Também é importante notar que não se passaram dois meses entre a saída de Mulaney da reabilitação e o começo da sua turnê que levou a este especial, o que em si já deixa claro que o texto começou a ser trabalhado nos 60 dias que passou em tratamento. Ou seja, talvez o comediante não tenha tido tempo de escrever sobre os temas que as pessoas mais queriam ouvir. Talvez eles ainda estejam próximos demais de seu acontecimento para serem transformados em arte. A questão é que Baby J não atravessa um limite muito claro: o de envolver pessoas inocentes em uma história cujo vilão reside dentro do narrador.
Ao se contar uma história, callback é fazer referência a algo que já aconteceu ou já foi dito. Baby J é cheio de callbacks aos especiais anteriores. Piadas e mudanças de entonação que retornam ao fato de que John Mulaney construiu um legado em cima de uma imagem muito específica de auto depreciação, personagens engraçados e quase irreais, humor ácido e metáforas ridículas. Mas o maior callback de todos é o lembrete sutil e extremamente leve de que John nunca disse que era legal, saudável ou gentil. A imagem dele que as pessoas que não o conhecem têm, não é responsabilidade dele.

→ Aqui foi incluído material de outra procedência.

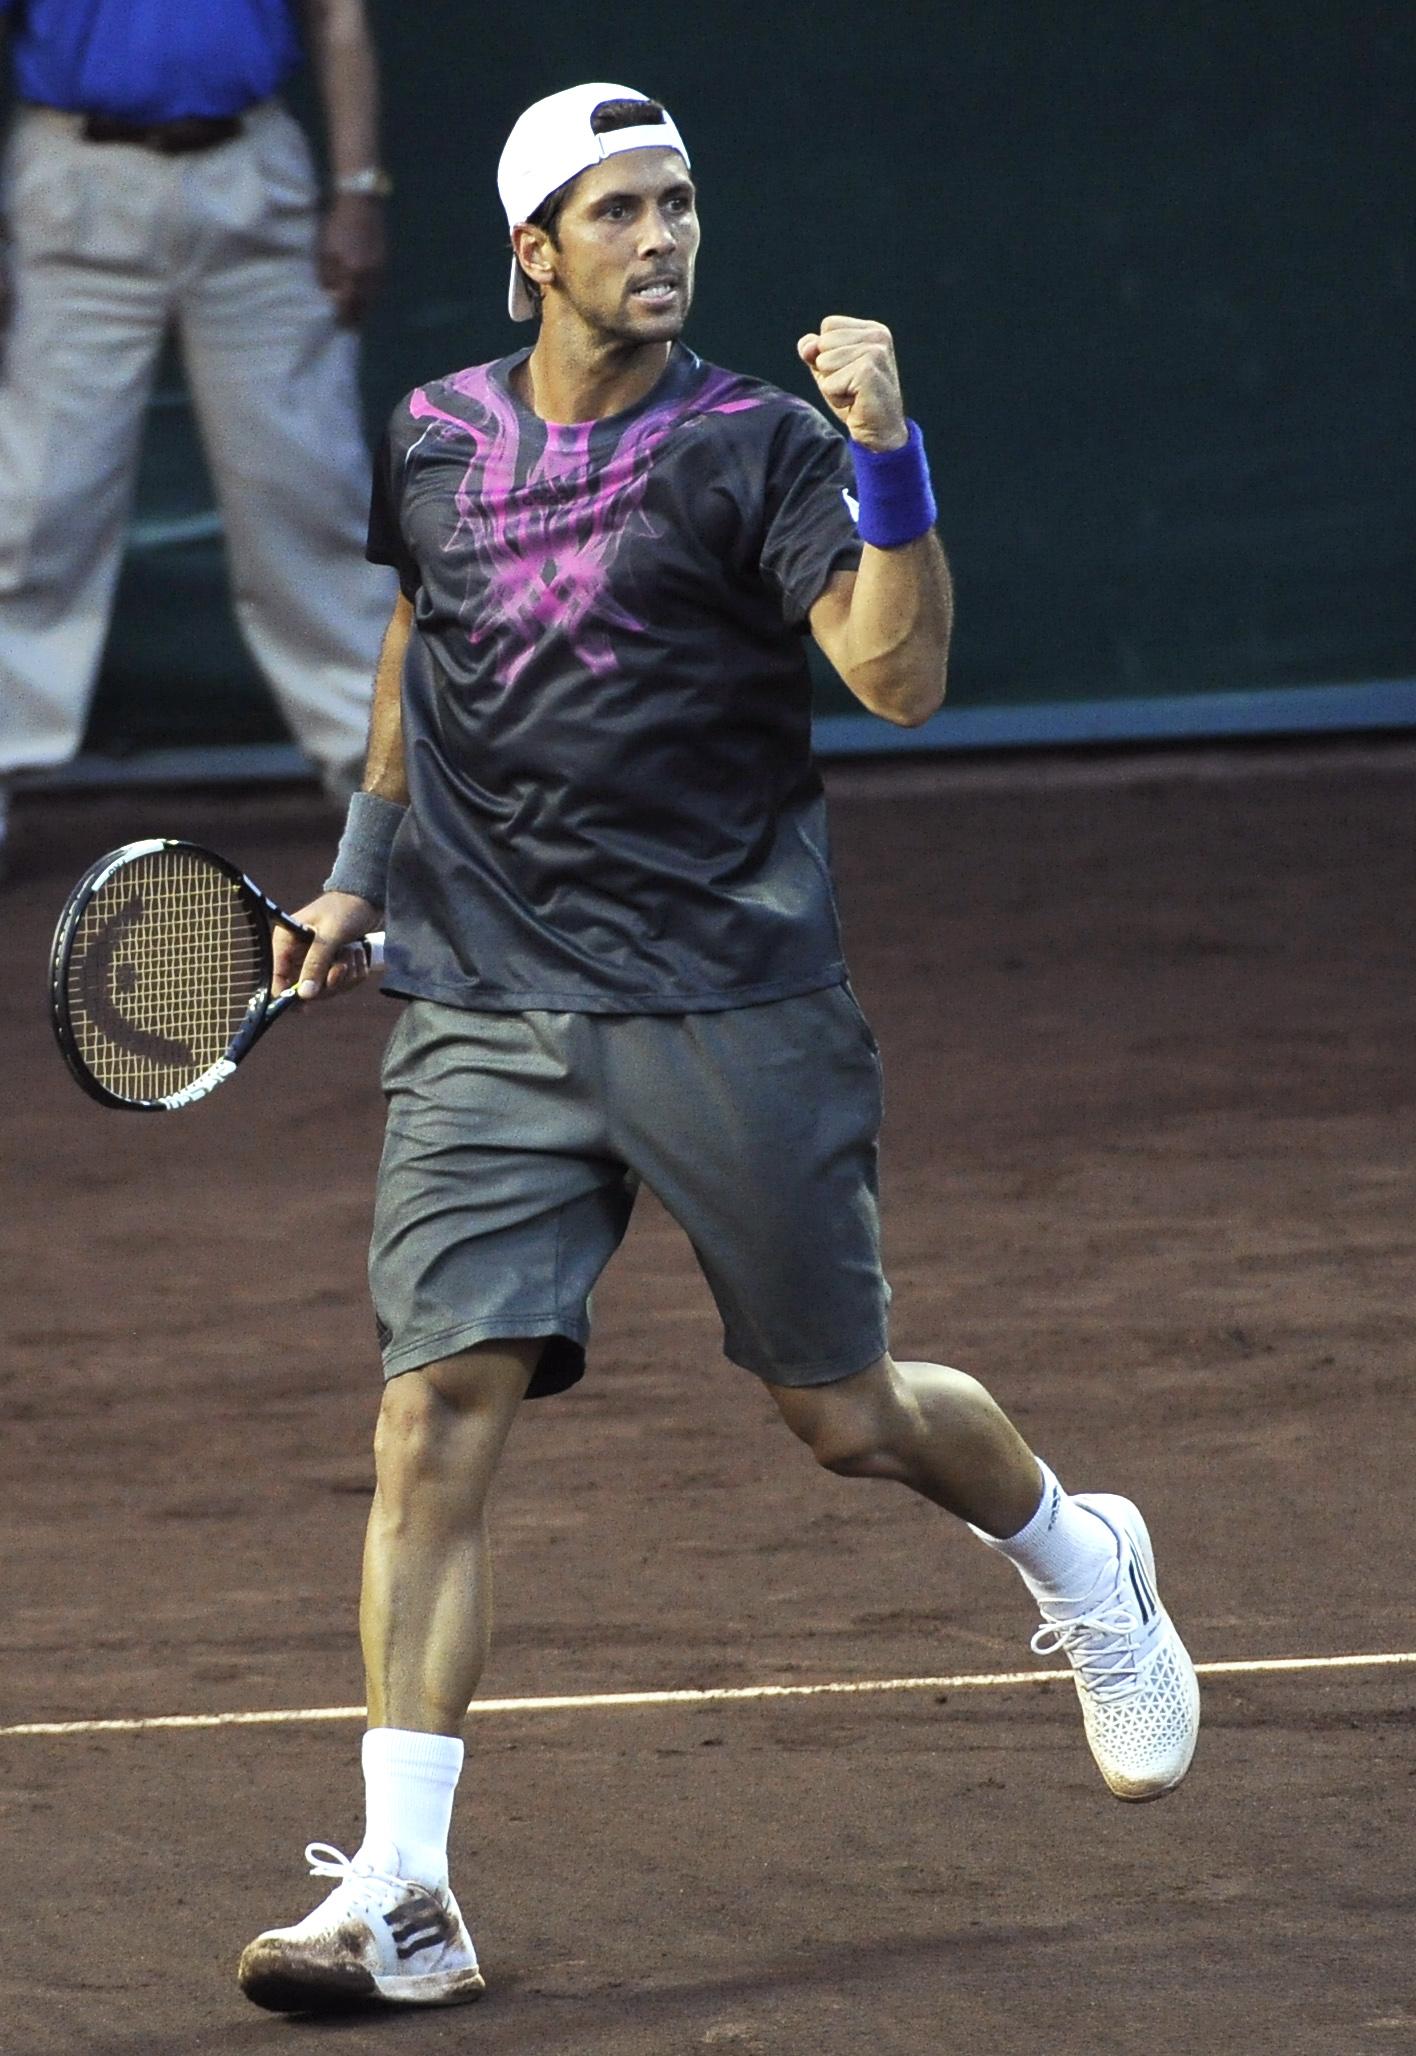 Defending champion Verdasco reaches semifinals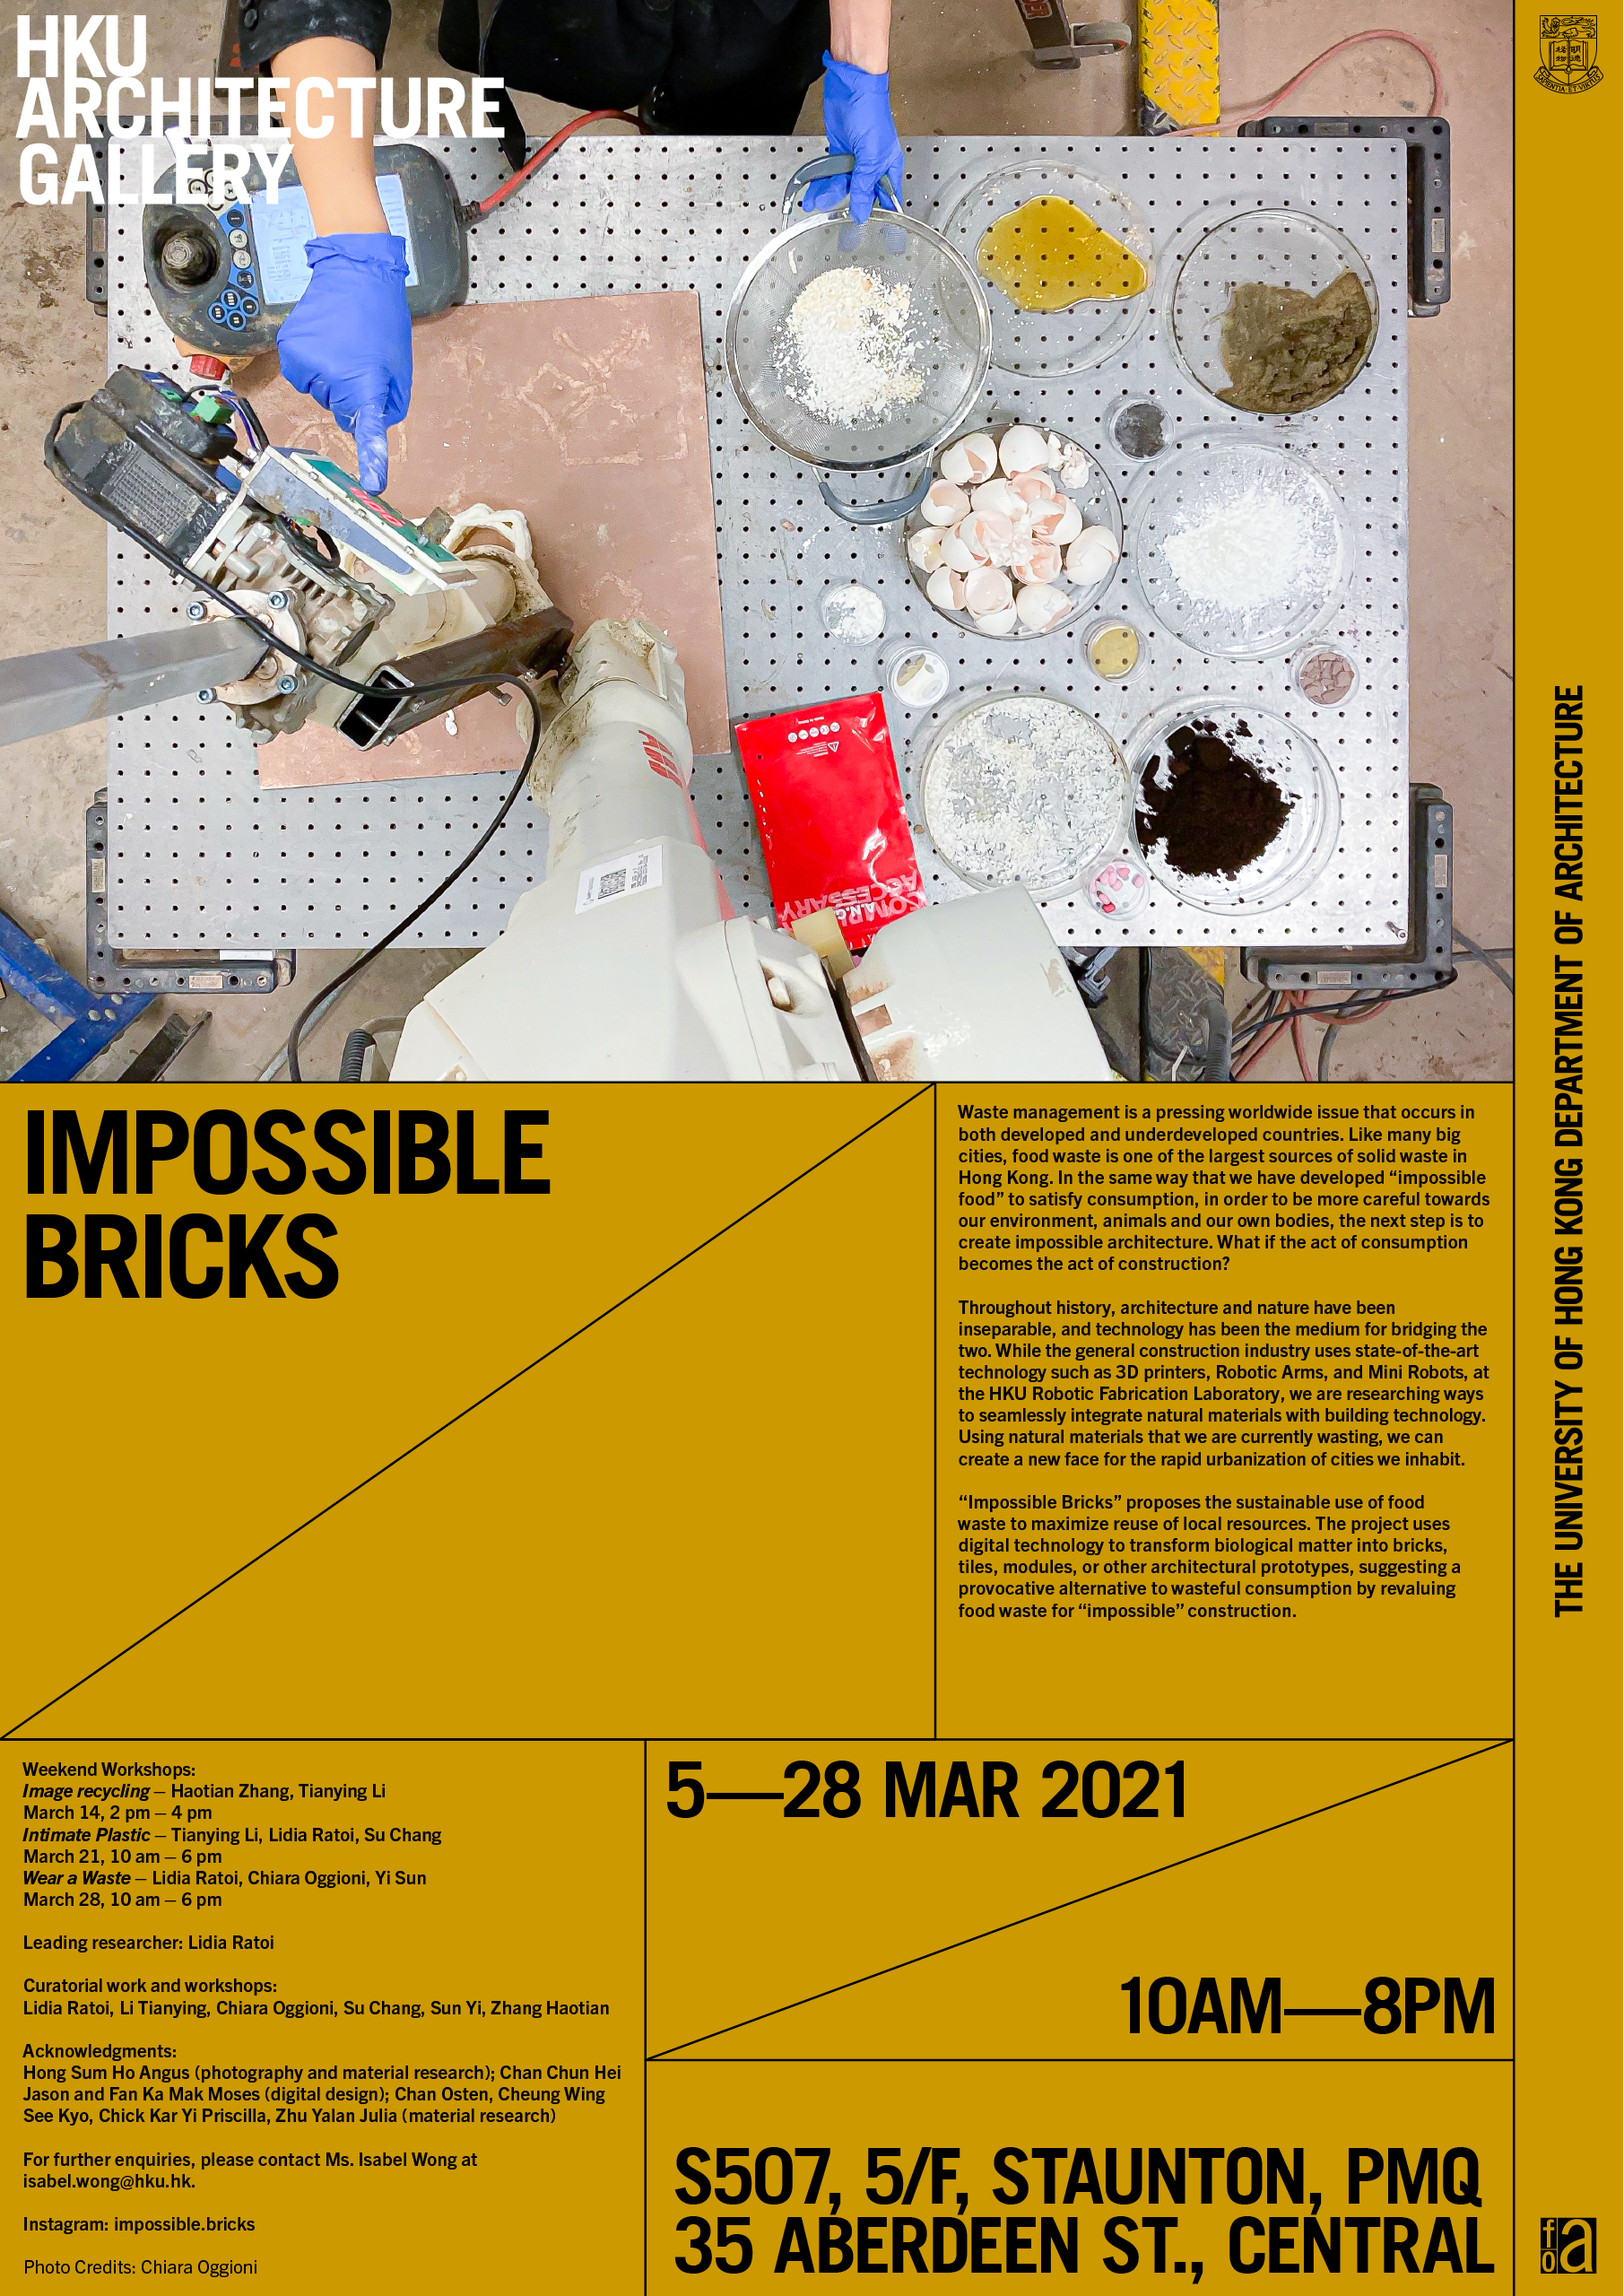 """Impossible Bricks"" Exhibition @ PMQ"

A piada mais popular e mais real do especial, então, faz todo sentido possível. Com uma expressão e postura reconhecível e marca registrada John diz para a plateia que a chave para que ele parasse de se importar com as opiniões dos outros foi perceber que nada do que fizerem com ele pode ser pior do que ele faz consigo mesmo e encerra "O que você vai fazer? Cancelar John Mulaney? Eu vou matá-lo. Eu já quase fiz isso."
1 Comentários
Eu deveria saber quem é John? Deveria! Mas não o conhecia, na verdade nem sequer cheguei a cogitar a sua existência.
ResponderExcluirOs únicos especiais de comédias que assisti foram os brasileiros, em específico, os do Whinderson Nunes. (que inclusive gosto bastante)
Prefiro as piadas saudáveis e que não vão machucar ninguém, mas a última frase com que encerra o seu texto é de impactar.
Não dá para acreditar que um comediante tenha feito tal comentário sobre si mesmo. Mas a opinião contida dentro é muito relevante.